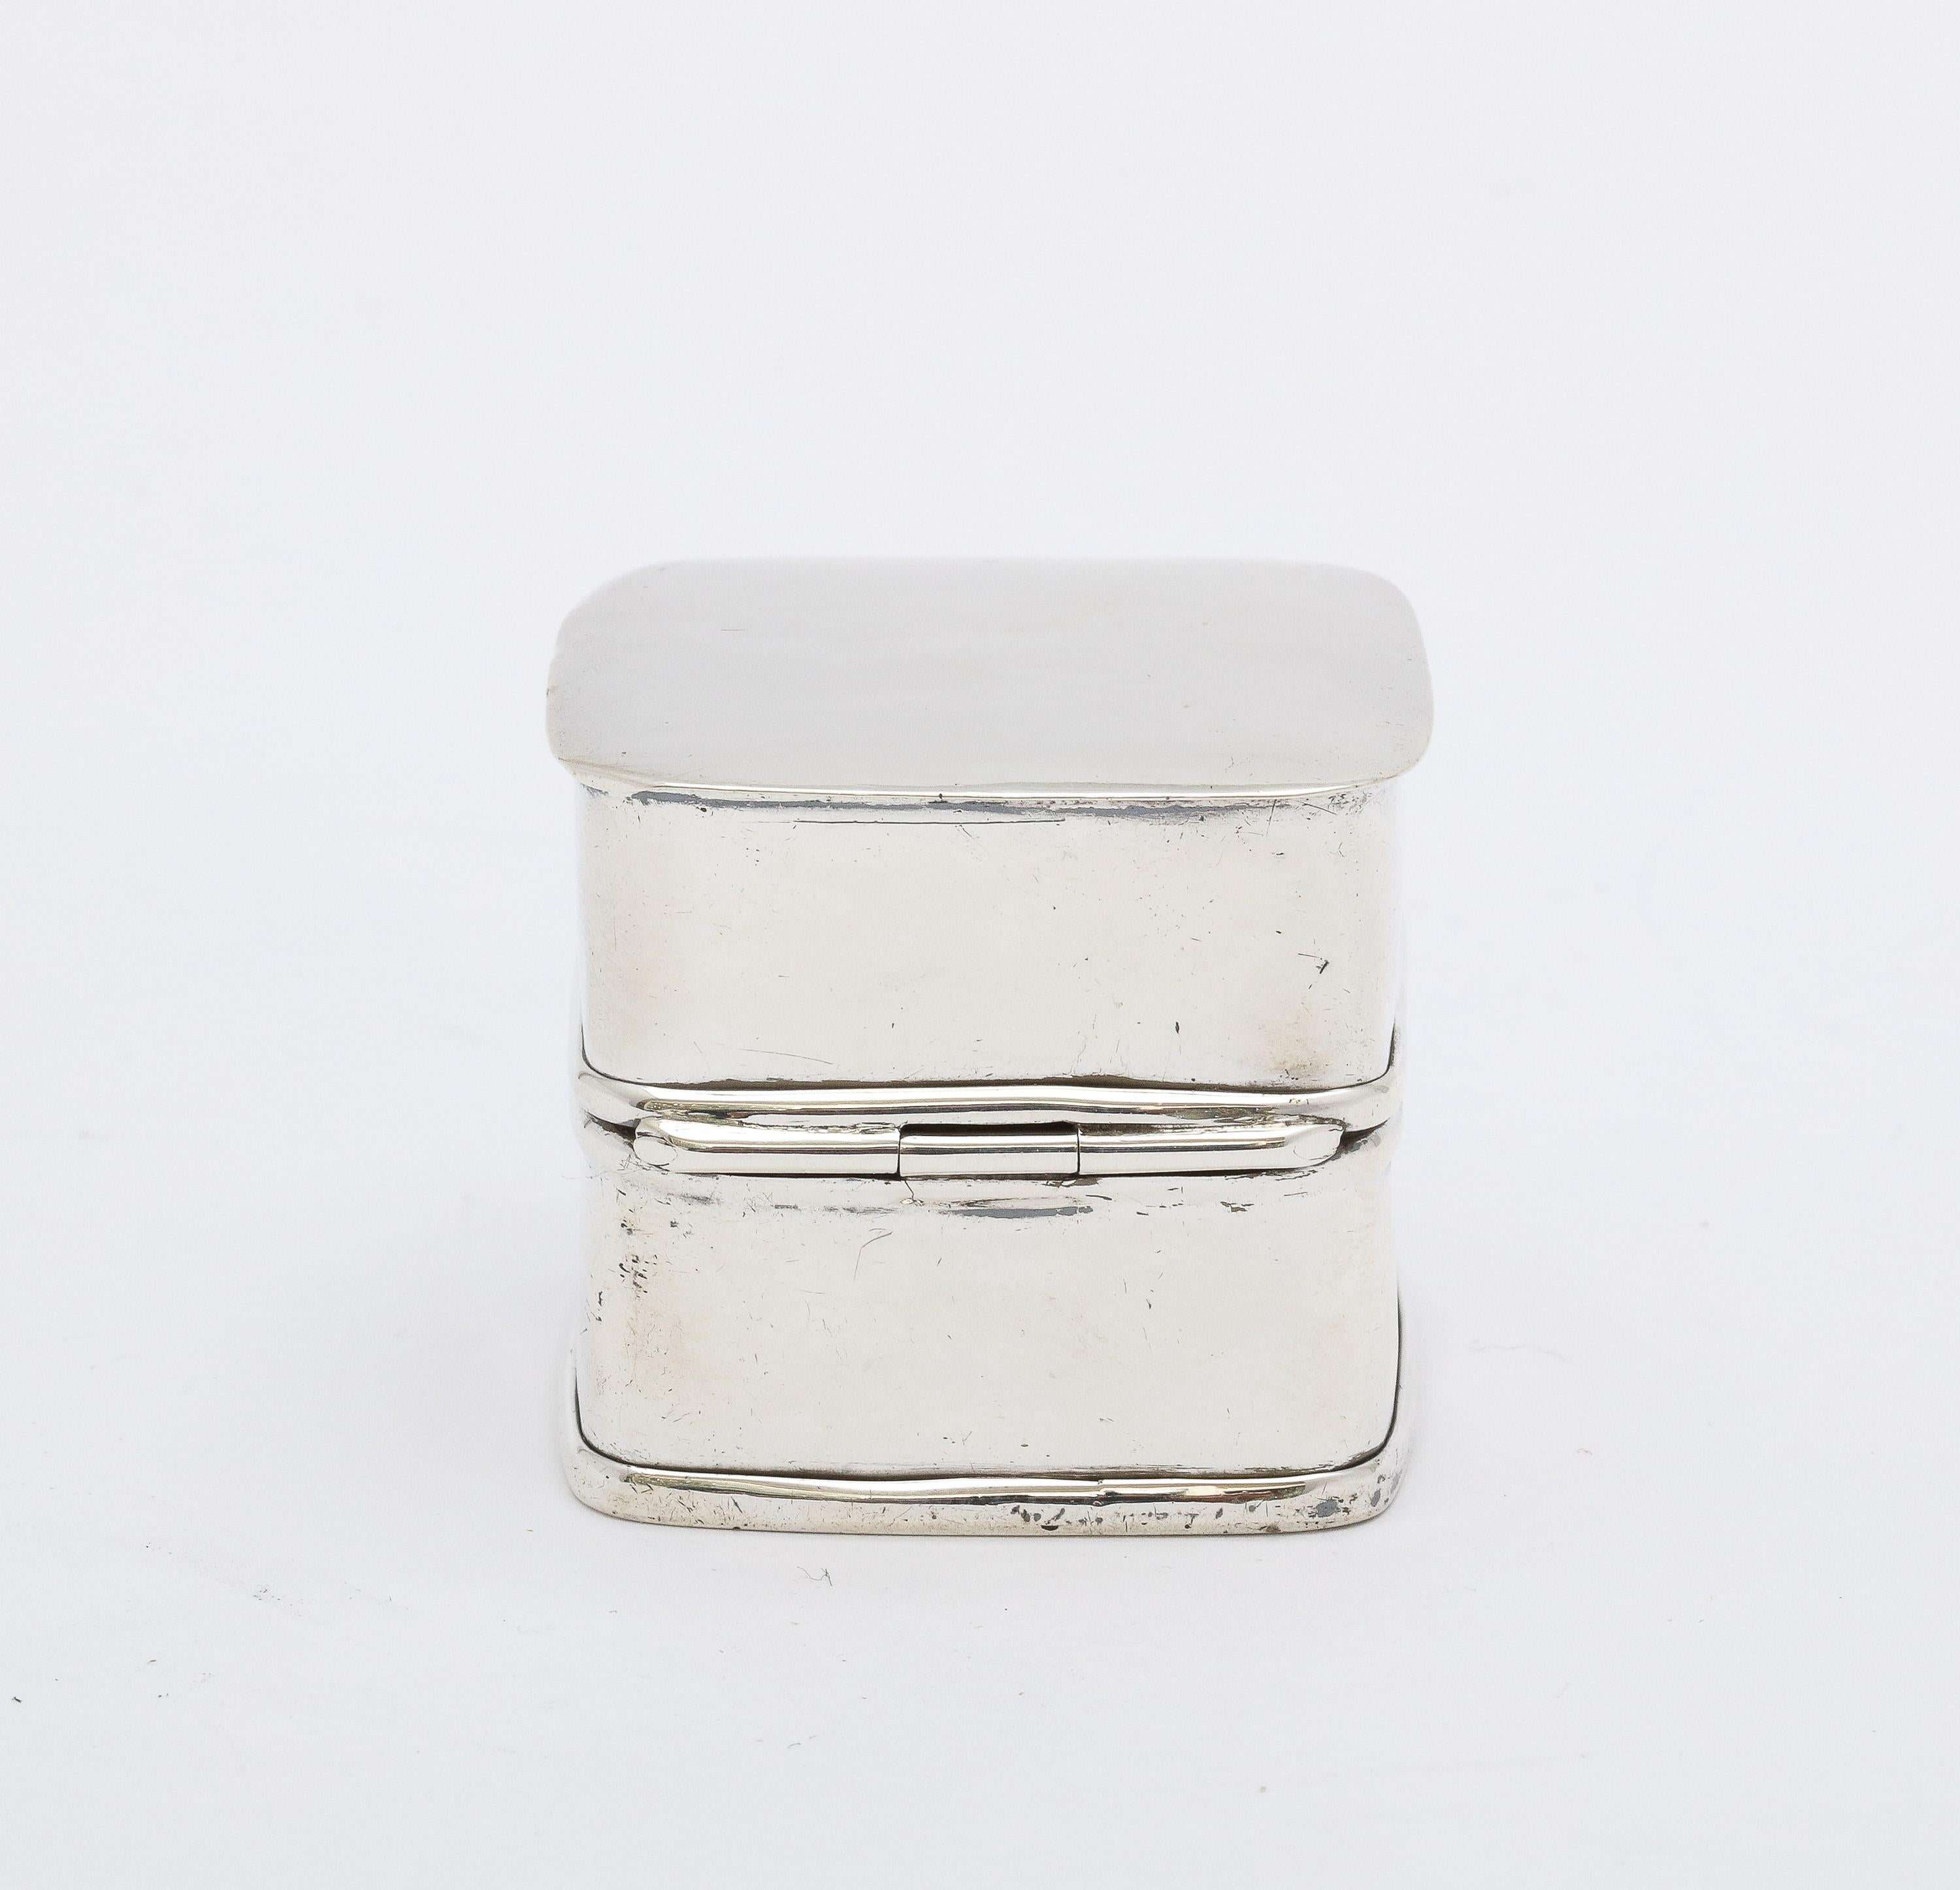 Edwadian Period Sterling Silver Ring Box In Good Condition For Sale In New York, NY
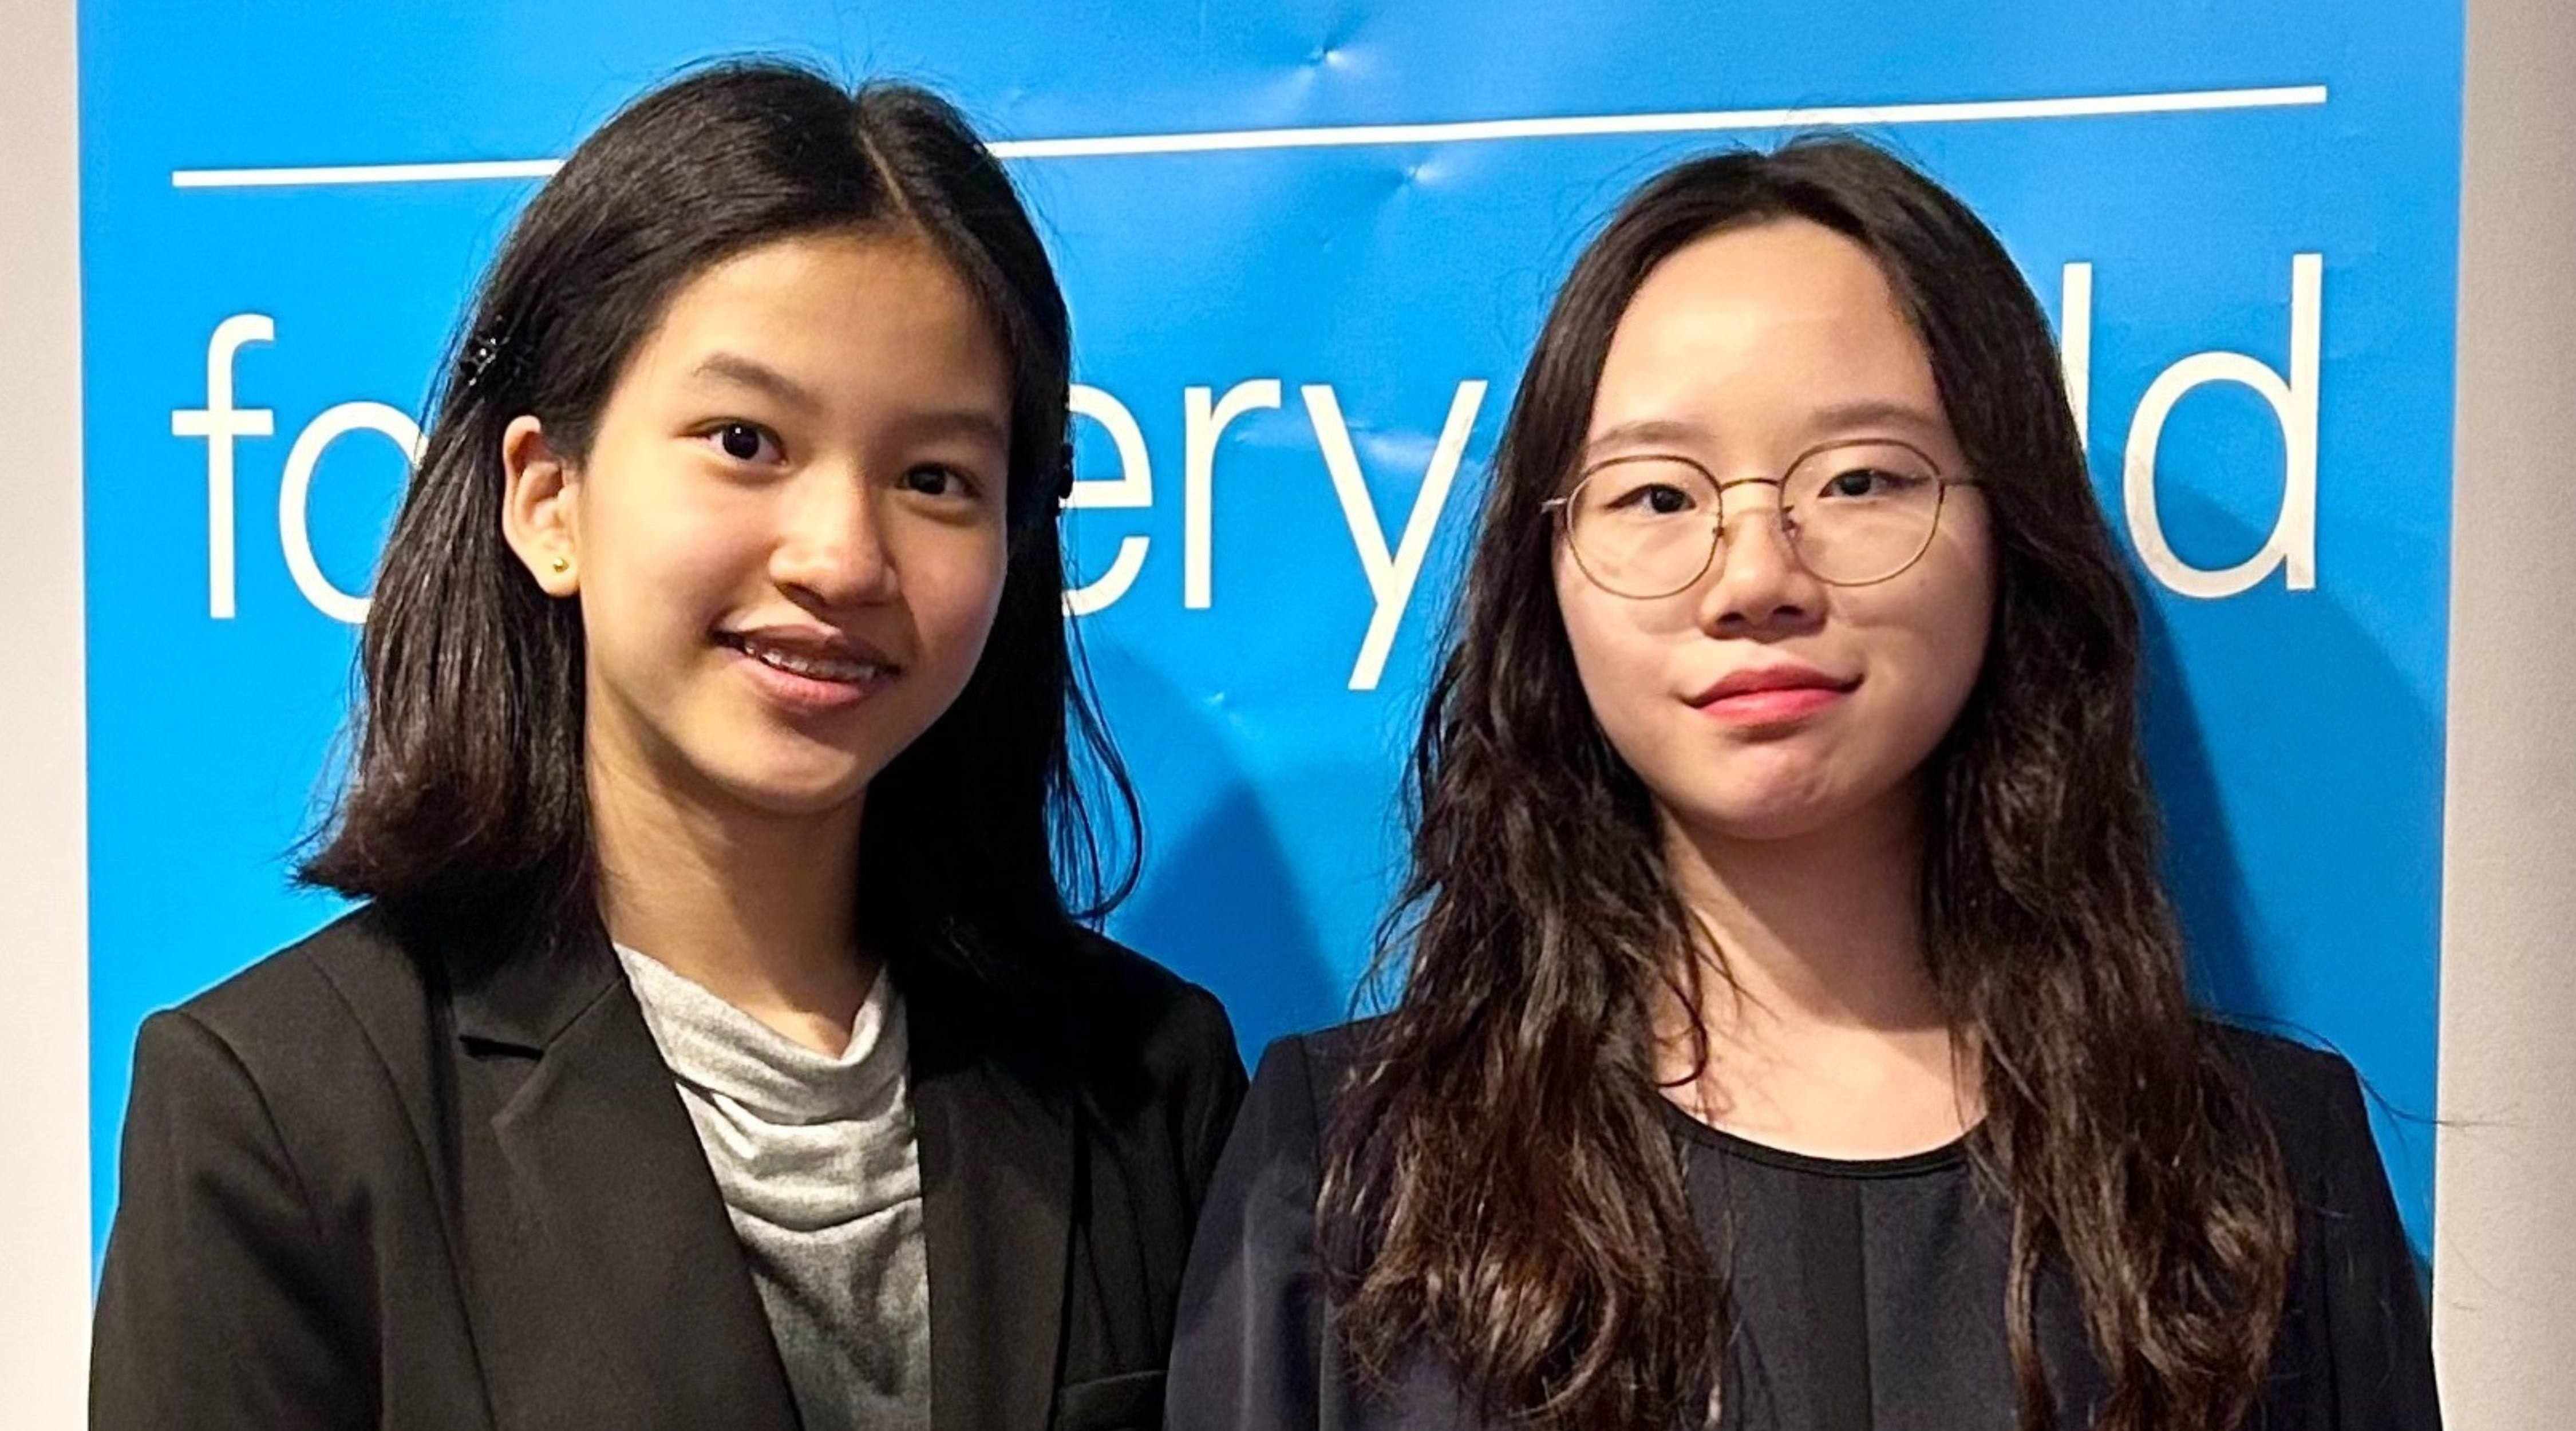 Our BIS HCMC NAE student ambassadors collaborate and develop innovative solutions at the NAE-UNICEF Summit in New York City-Our NAE student ambassadors collaborate and develop innovative solutions-News header  111zon
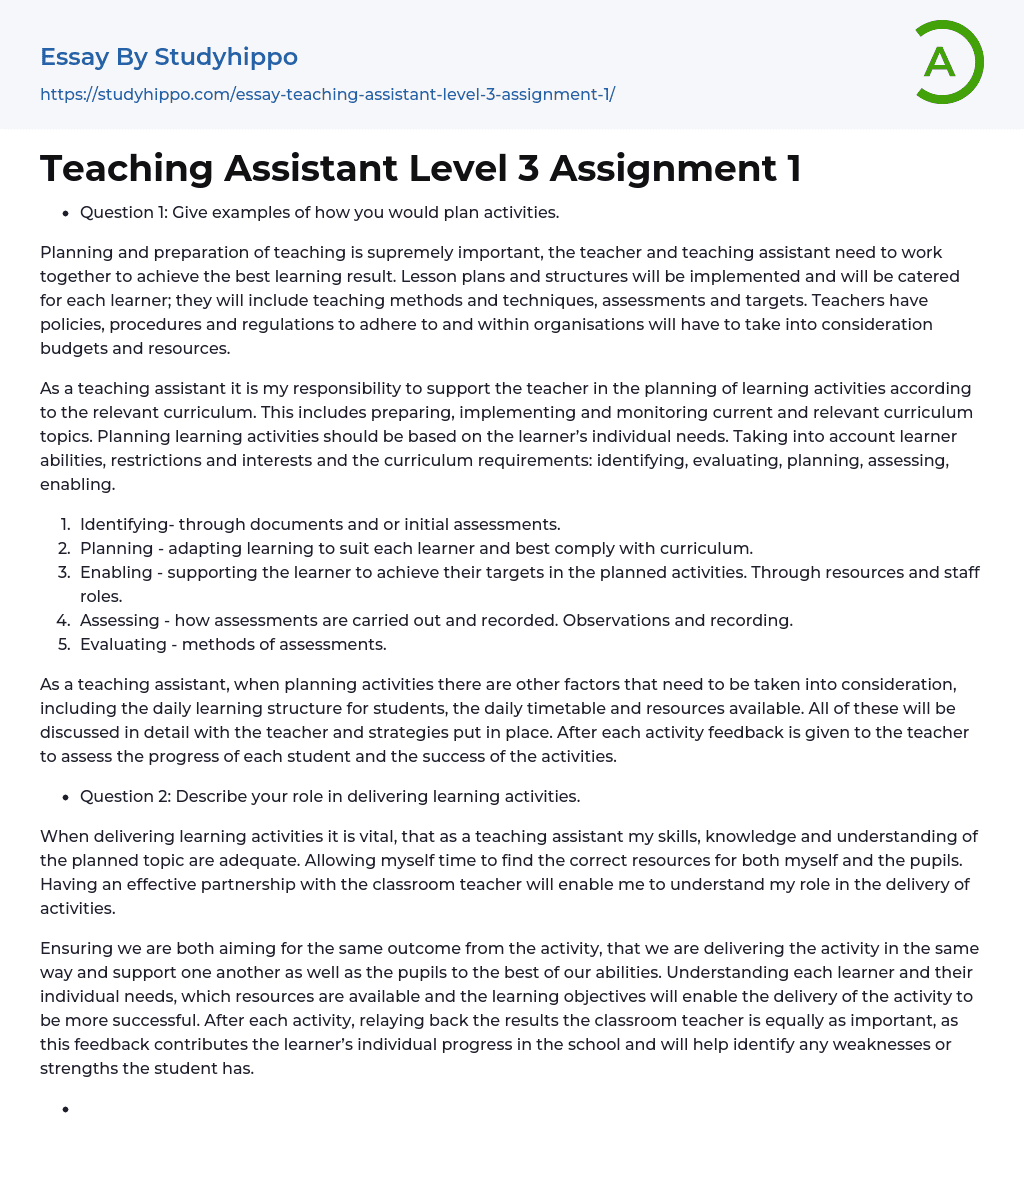 aet level 3 assignment examples
____
BRIEF
Please retype the data exactly, but do not carry over any picture.

YOUR SOLUTION
 Edwadian Period Sterling Silver Ring Box In Good Condition For Sale In New York, NY
 Our BIS HCMC NAE student ambassadors collaborate and develop innovative solutions at the NAE-UNICEF Summit in New York City-Our NAE student ambassadors collaborate and develop innovative solutions-News header  111zon
 aet level 3 assignment examples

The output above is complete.